Он сразу представил, какое глупое впечатление это произвело – изумленная пауза и далекое дыхание, словно застывшее на минуту смущение в бесчисленных разбегающихся проводах. Казалось, все замерло. Ему осталось (человеку все равно, на что тратить свои мгновения, – идея отрицания Бога): одно ускользающее ощущение банкрота – фраза тотчас же упорхнула, осталось неудовольствие собой и чуть-чуть собеседником в трубке, и он мысленно снова уплыл в текст, ловя хвостик ассоциаций, и даже чуть отстранился, как вдруг:
– Я насчет Димы... – конфузливо признался голос. Был он глухой и чуть-чуть шершавый – просто от трубки, без волнующих ноток, как будто с Луны, не вульгарный, не требовательный – просто молодой.
– Это мы сейчас обсудим, – весело сказал он. – А в чем, собственно, дело?

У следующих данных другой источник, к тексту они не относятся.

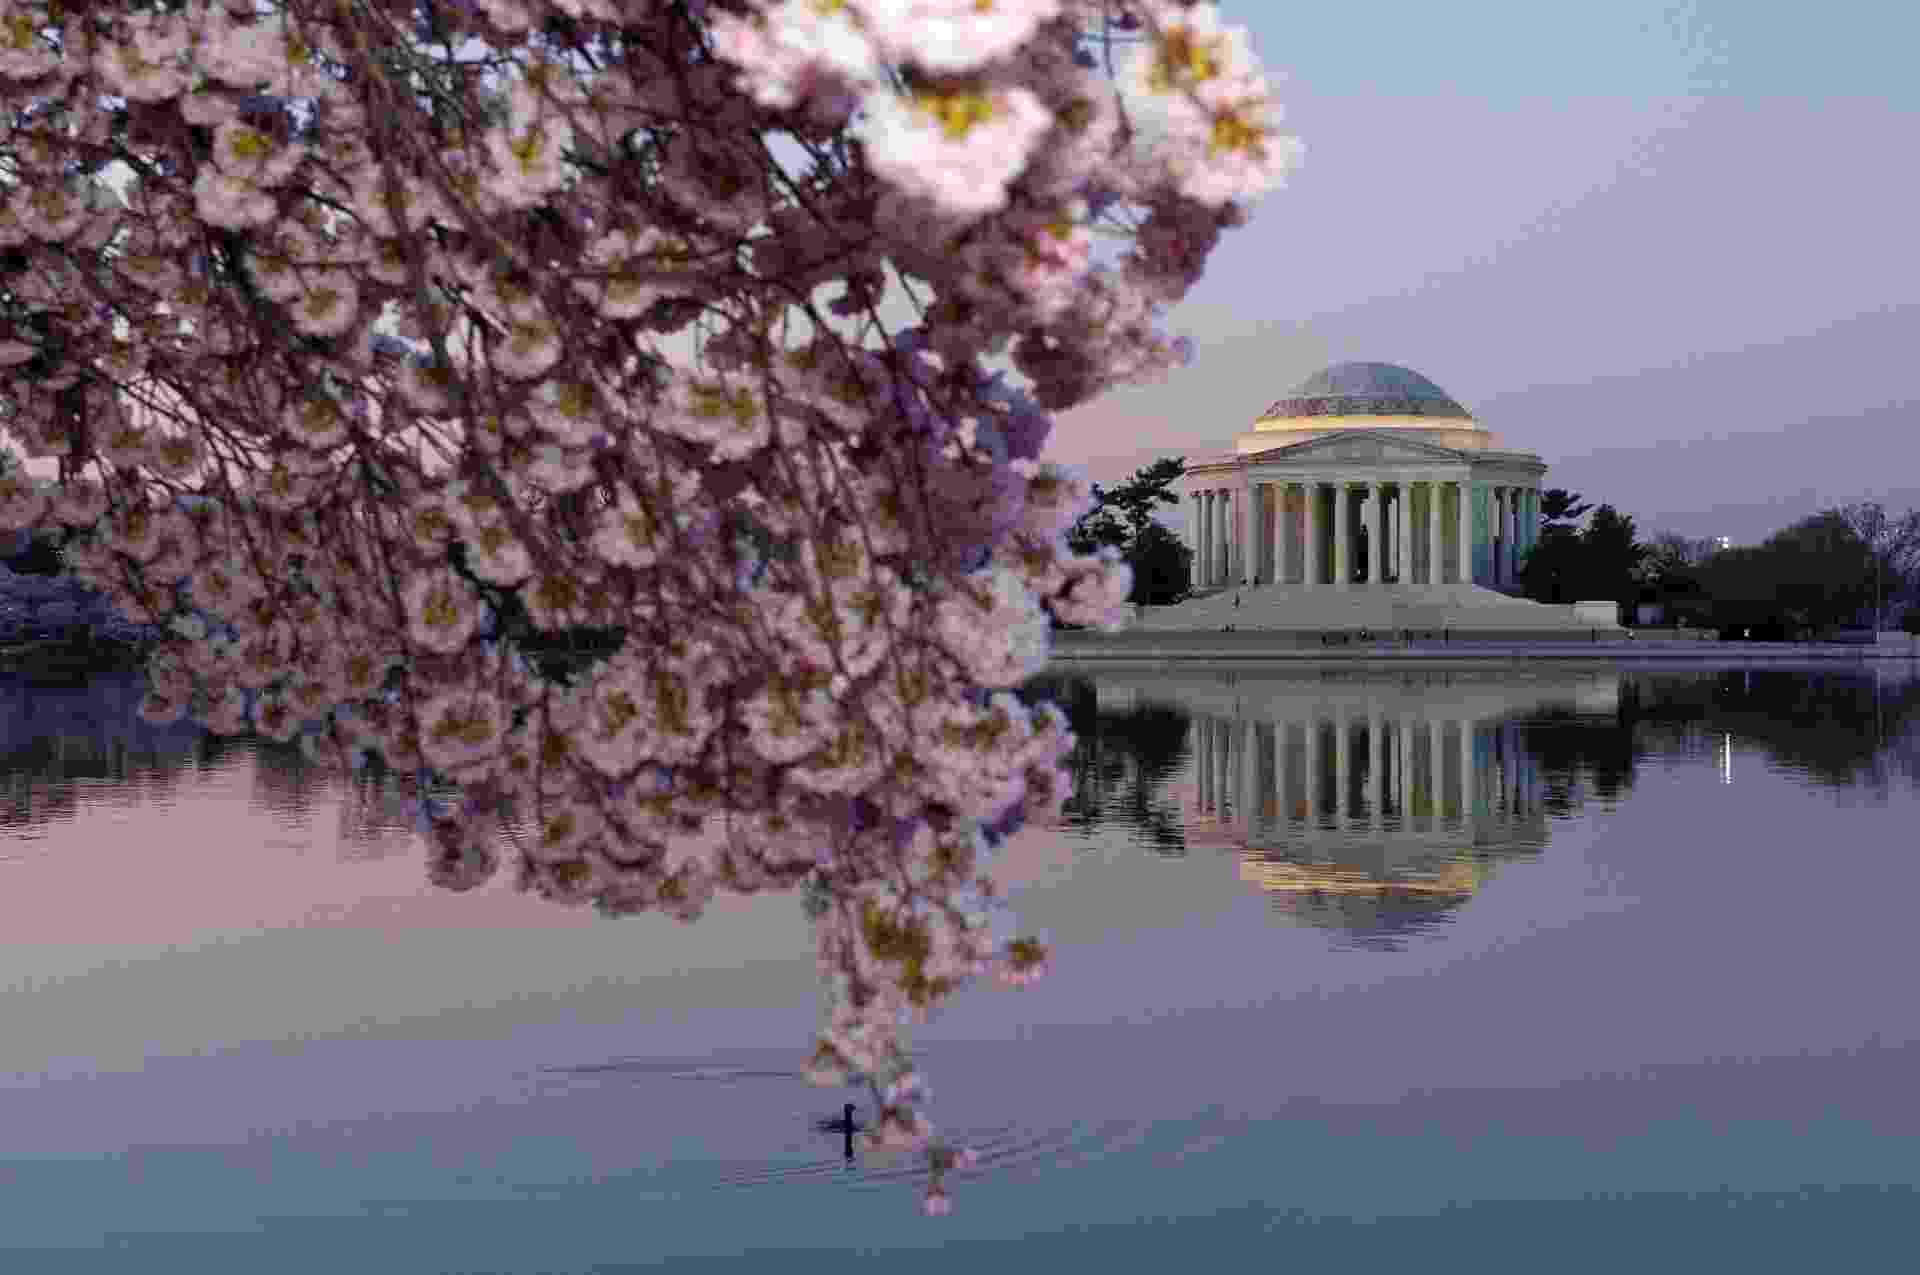 10.abr.2014 - Cerejeiras florescem perto do Jefferson Memorial, em Washington, nos EUA. As árvores devem chegar ao pico de florescimento nas próximas semanas. As primeiras cerejeiras do entorno do edifício foram plantadas em março de 1912 - Karen Bleier/AFP

– Дело в том. – Голос задел его сочной дробностью, словно перекатились гладкие камушки вперемешку с жалящими пчелами, так складываются в тебе пирамидки, которые ты тут же готов разрушить отрицанием, и с удивлением внимать далекому эху, – что он пропал... – ответили так же бесстрастно и точно, – и... и мне жутко... – И вслед этому сразу переменился – побурел, свернулся, как лист, как будто искал, куда упасть или, самое меньшее, – прикорнуть на чьем-то плече.

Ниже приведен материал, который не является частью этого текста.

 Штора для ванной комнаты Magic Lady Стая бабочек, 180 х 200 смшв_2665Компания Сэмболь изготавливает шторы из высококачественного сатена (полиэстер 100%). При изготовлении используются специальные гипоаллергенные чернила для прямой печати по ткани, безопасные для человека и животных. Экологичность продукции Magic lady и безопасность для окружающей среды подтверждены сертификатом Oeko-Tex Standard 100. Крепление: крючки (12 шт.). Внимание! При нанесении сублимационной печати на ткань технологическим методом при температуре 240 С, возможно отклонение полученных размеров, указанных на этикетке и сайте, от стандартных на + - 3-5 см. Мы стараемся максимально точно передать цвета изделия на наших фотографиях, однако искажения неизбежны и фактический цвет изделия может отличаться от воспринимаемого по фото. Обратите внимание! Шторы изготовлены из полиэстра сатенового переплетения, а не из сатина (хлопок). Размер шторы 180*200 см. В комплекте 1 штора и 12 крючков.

Это было уже на что-то похоже – на несыгранную сцену, на старинный запах, исходящий от бабушкиного сундука под скрипучей крышкой. Привычка раскладывать по кирпичикам – он не торопился, он знал: стоит ему получить представление о человеке, как он потеряет к нему всякий интерес. Так было всегда, и он не представлял себя другим.
– Всегда рад помочь, – еще раз весело отозвался он, пытаясь приободрить невидимую собеседницу.
– Нет, именно пропал, – пожаловалась женщина на той стороне провода, и ему показалось, что она даже всхлипнула, – и я не знаю, что делать...
– Вы заявляли в полицию? – спросил он теперь чуть встревоженно и вспомнил предупреждение Королевы недельной давности.
– Вначале надо попасть в его мастерскую... – почему-то сообщила она ему.
"Тогда это серьезно", – подумал он и не спросил, почему прежде надо попасть именно туда, поняв лишь, что, по меньшей мере, это не телефонный разговор, раз его предупреждают так таинственно.
– Меня зовут Изюминка-Ю, – представилась она. – Я буду ждать...
– Хорошо, – согласился он сразу же, потому что услышал осторожные шаги Саскии. – Завтра там же в десять. – И положил трубку.
– Опять поклонницы? – спросила Саския, и голос ее был отзвуком альта спросонья.
Голос, который и сейчас иногда волновал его воображение и служил ему пособием в его экспериментах. Даже в постели она опускалась до фальшивых ноток – совсем некстати, словно спохватываясь о покинутой любви. Потом это долго сидит в тебе от каждой из женщин, и ты каждый раз невольно ждешь, боясь принять ложь в себе за всеобщую истину неудачников. Страшнее всего, что жизнь тебя пытается примирить с этим, и ты ищешь утешения в других и даже, может быть, находишь, но это вопрос времени, и ты знаешь об этом и становишься циником.
Прошлый раз звонила Радмила-художница, которая нашла его через радио, где он как-то выступал. Явно знакомилась:
– Я поздно начала – мне двадцать восемь!..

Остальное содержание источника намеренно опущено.